If you look at it this way, reasoning does not really have to be logical. If the model just randomly ruminates about relevant information in the context, it will succeed in surfacing implicit information and in moving relevant information to the end even if the thoughts aren't particularly logical.
RAG
RAG is essentially a poor but cheap attention layer. The way it compares prompt vector to chunk vectors is remarkably similar to the attention mechanism in LLMs. RAG thus essentially gives the LLM access to a huge context, even though this context is of very low quality.

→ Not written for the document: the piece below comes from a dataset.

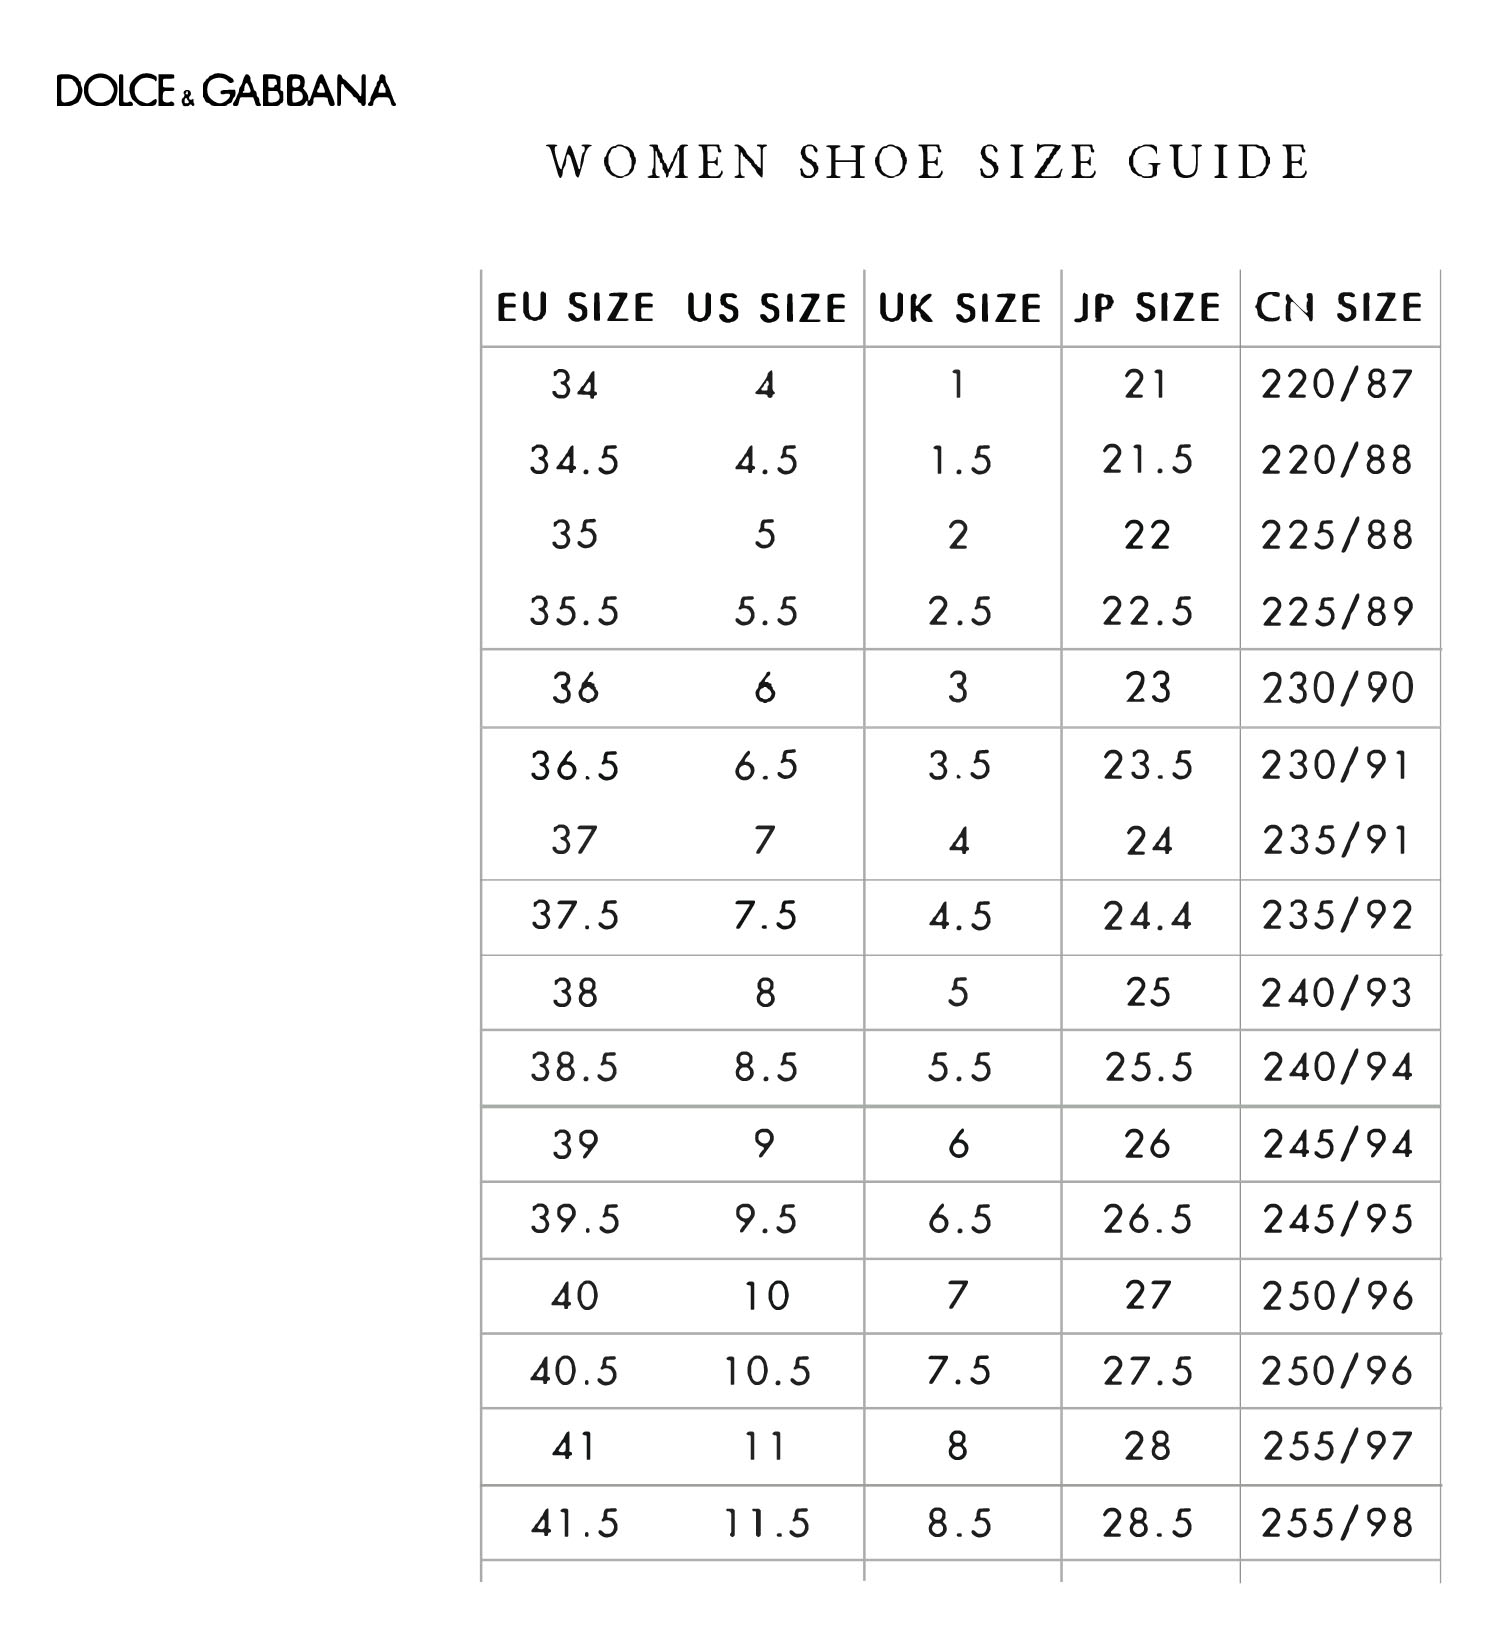 Arriba 39+ imagen dolce gabbana mens shoes size chart - Abzlocal.mx

RAG also pulls retrieved chunks into LLM's native context where they are processed with greater effort. In the past, keeping the context short and relying on RAG was preferable to populating a large context, because RAG placed all its retrievals in recent context, which is better covered with LLM's attention. I don't think this matters anymore now that LLMs can use reasoning to pull any part of their context to the end.
Agents
Agents do more than just populating the context, but agentic retrieval is a big part of their success. LLM-guided retrieval tends to be smarter than RAG. And contrary to RAG, the LLM gets a chance to try again if the retrieval fails to yield relevant information.
Agentic retrieval is not just plain loading of files. Agents can probe their environment and see the results. They can use tools to fetch information that is not in the knowledge base or that is not explicit in it. Agents receive feedback for any actions they take. Sometimes that feedback is their own, because they see their own output in the context.
Few-shot prompting
Prompting with several examples in the context helps even when using instruction-tuned LLMs. Examples complement instructions. Correct and relevant examples in the context increase probability that LLM's response will be correct and relevant too.
Examples do not have to be prompt-response pairs. Just including some files from the project in the context increases probability that the LLM will follow project conventions and use internal utility functions.
My theory is that LLMs learn to cheat during training by relying on context instead of their knowledge. They fill their KV cache with patterns observed in the context. When the LLM has to make a decision about the next token, it gathers these patterns from KV cache, preferably from similar locations in the context, and imitates what it has observed before. Populating the context with information similar to desirable output then ensures that the LLM can always draw upon relevant patterns in the KV cache in addition to its own knowledge.
Context compression
Not to be confused with KV cache compression (that reduces KV cache footprint in computer memory) or context summarization (that provides an overview for humans), context compression is commonly used to fit more information in the context by omitting details. It's a lossy compression of the context. In programming, file lists and symbol maps are examples of context compression that omits details.
Although context compression can be used to save token costs or to avoid overflowing the context window, I see it mainly as a way to purify the context, removing the lowest quality information (speculative reasoning, failed actions, obsolete information, action history) in order to shine more light on the highest quality information (instructions, inputs, original and current state).
When is it worth it?
The nice thing about treating all of the above techniques as context optimizations is that they are now interchangeable and we can pick the most cost-effective ones. So which ones are worth the effort?
I would name reasoning as an example of a cheap technique. It's entirely handled by LLM vendor, so you don't have to do anything. On the other hand, I would point at RAG as an example of unreasonable complexity for little gain. Agents are in the middle of the complexity scale. They can be highly effective, general, and yet simple if you just let the LLM write and run scripts in a sandbox. Few-shot prompting by exposing the LLM to existing files in the project is simple and effective too.